The main reasons are as follows:
the method belongs to a hard clustering method and has higher accuracy when the data features are distinct. However, the combined wind and light output has strong correlation and is easily influenced by many factors such as climate, geographical location, etc., and each object in the data set may have characteristics of two or more cluster sets. Therefore, when the scene division is performed, if each object in the data set is divided into a specific scene by using the K-means clustering algorithm, the result of the scene division is not accurate enough. The FCM algorithm adopted by the invention can overcome the defects. The FCM algorithm fuses the essence of a fuzzy theory, and obtains the membership degree of each sample point to all class centers by optimizing an objective function, so as to determine the class of the sample points. The similarity between the objects divided into the same cluster is the largest, the similarity between different clusters is the smallest, and the purpose of classifying the sample data is achieved.

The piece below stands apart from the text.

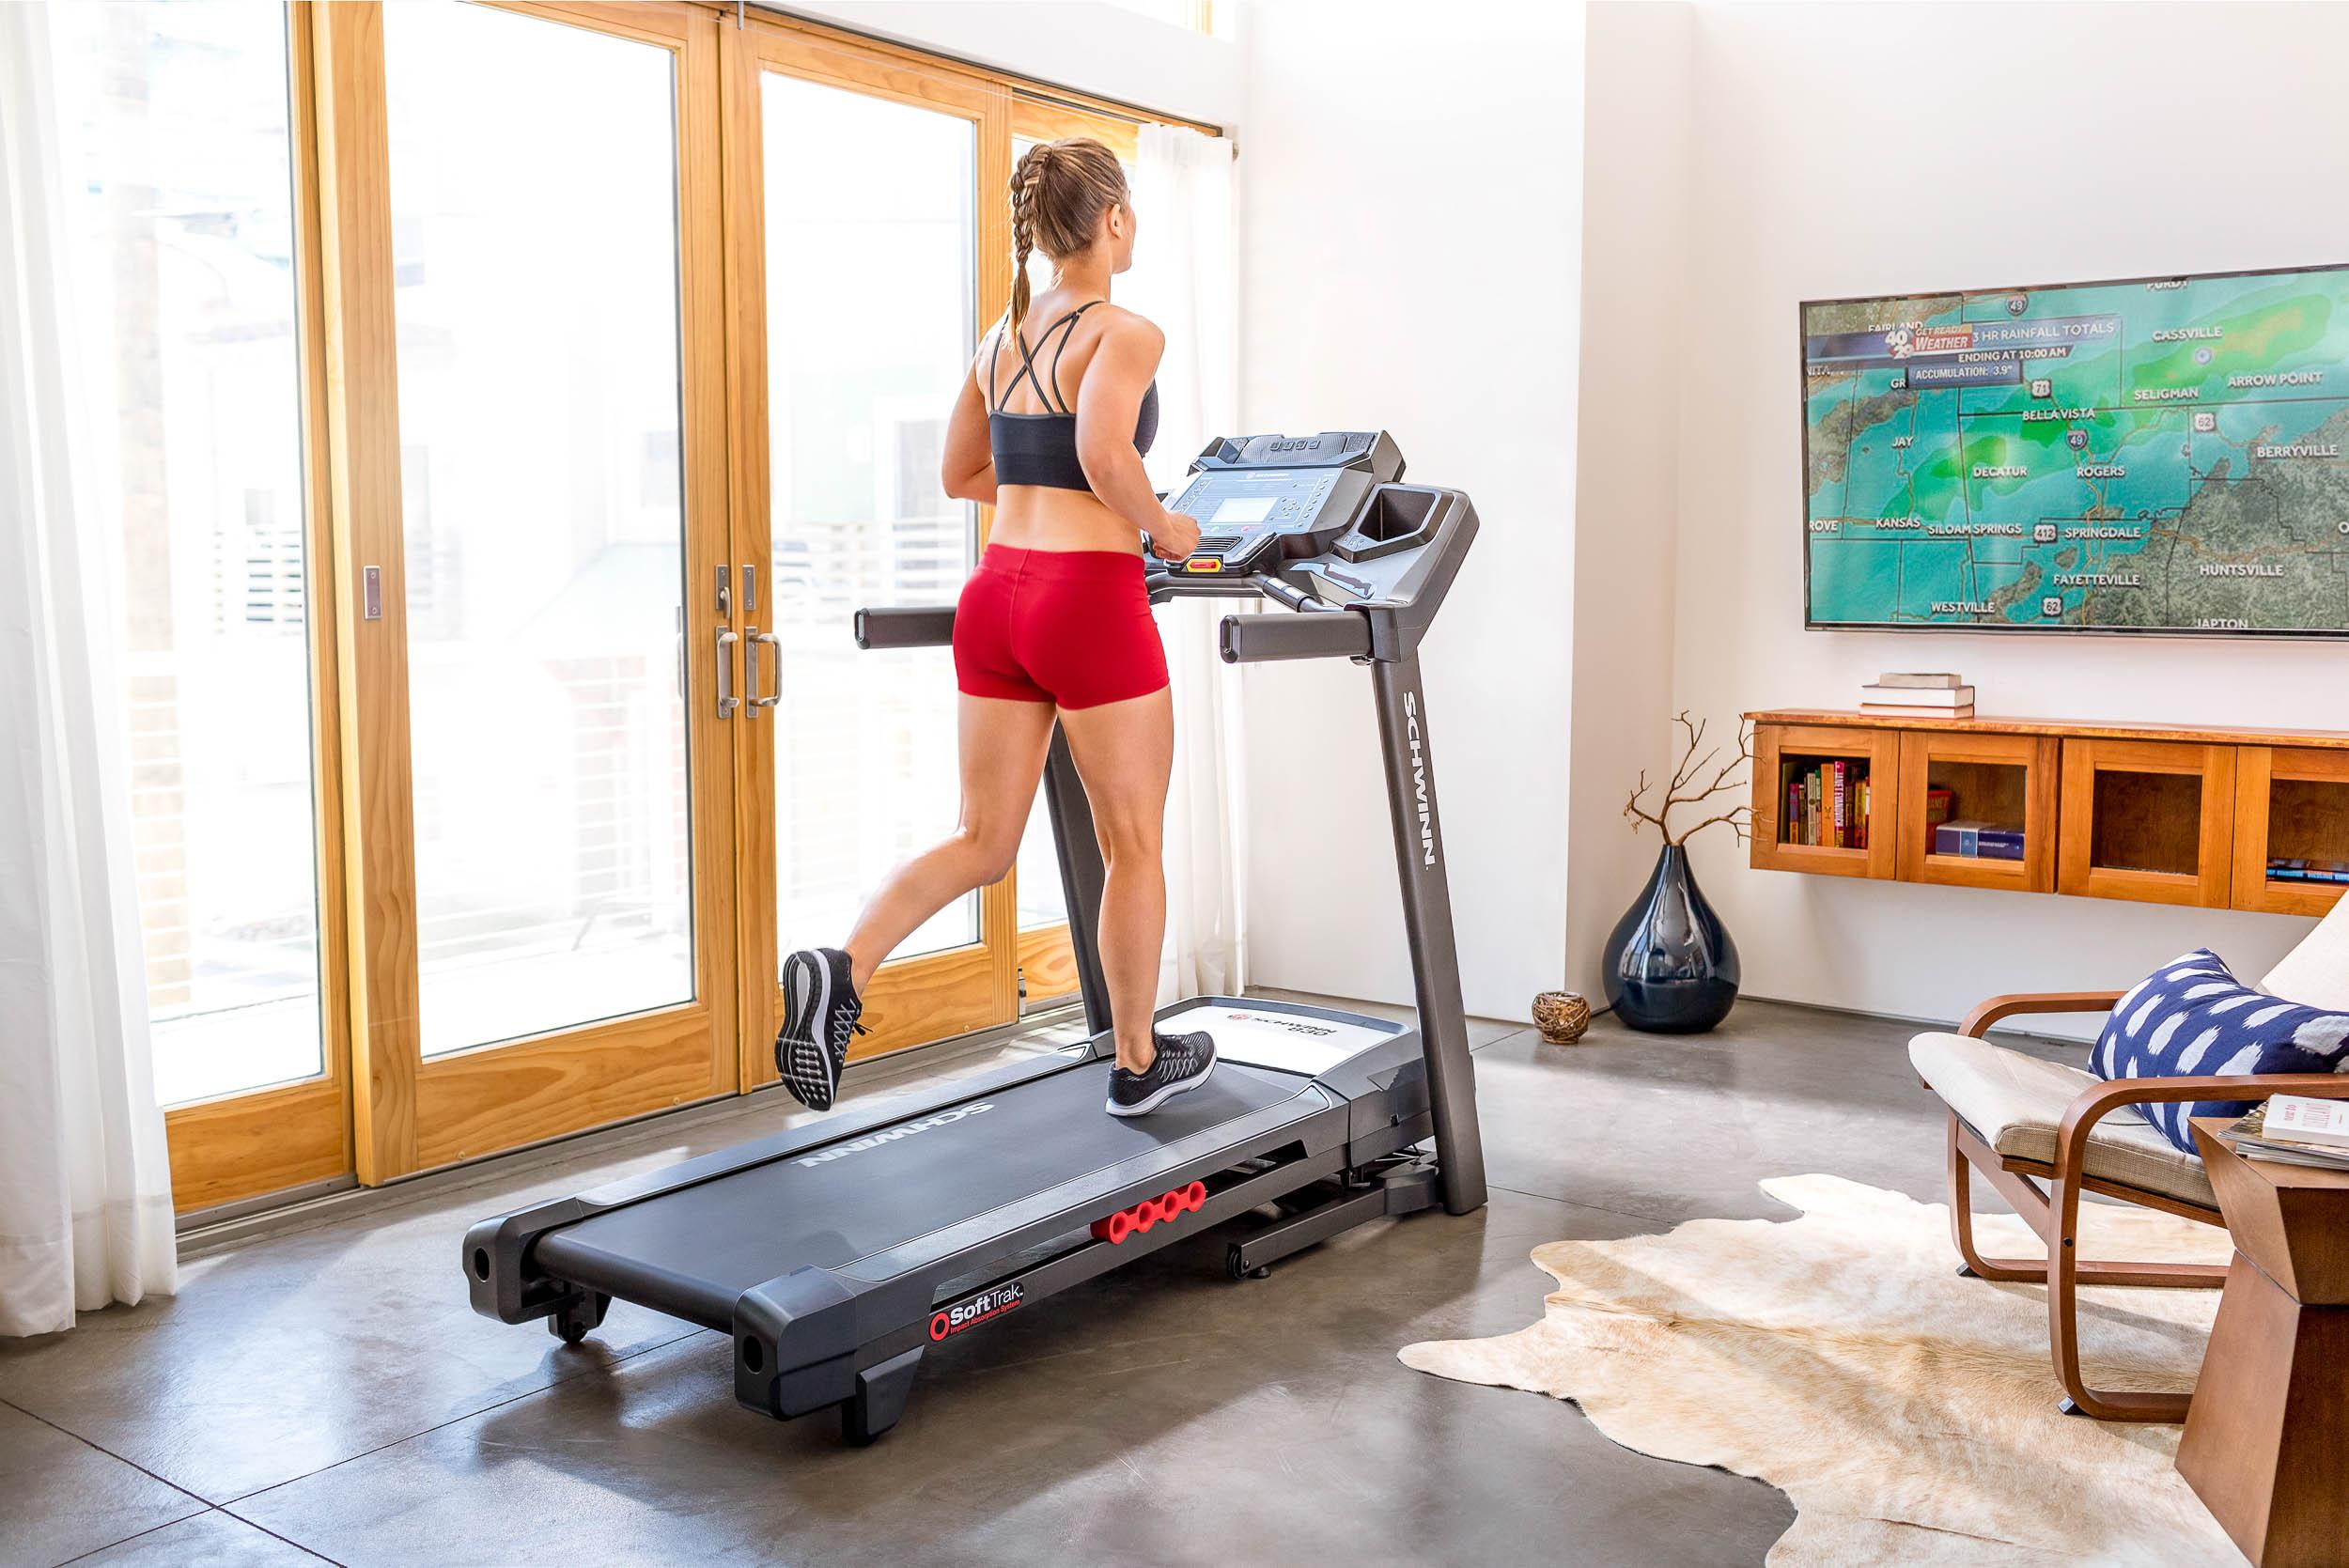 Nautilus_Direct_116099_Schwinn Treadmill T830 Rear 3-4 Julie_1278 copy.jpg

The "contrast method" uses the rattan structure scale index Cramer Von Mise (CvM) distance measure which is the integral of the squared distance of the empirical cumulative distribution function and the target cumulative distribution function. The position distribution of the wind-solar combined output historical data has differences, and most of the differences are concentrated on the tail part. While CvM distance gives the same weight to all positional differences when considering the selection of the vine structure. Therefore, if the CvM distance is used as an evaluation, the key location of the data distribution will be difficult to get important considerations and concerns. If a large amount of wind and light data are distributed at the tail, the rattan structure selected based on the CvM rating index will seriously affect the modeling precision of the mixed rattan Copula. The AD distance chosen by the present invention is actually an improvement over the CvM distance. This weighting function is mainly used to evaluate the weight of the data location by adding a weighting function. Equivalently, higher weight is given when the square distance of the tail data is calculated; when the square distance of the intermediate data is calculated, smaller weight is given to the intermediate data, and the modeling precision of the rattan structure model can be more effectively tested.
While the invention has been described with reference to a preferred embodiment, it will be understood by those skilled in the art that various changes in form and detail may be made therein without departing from the spirit and scope of the invention.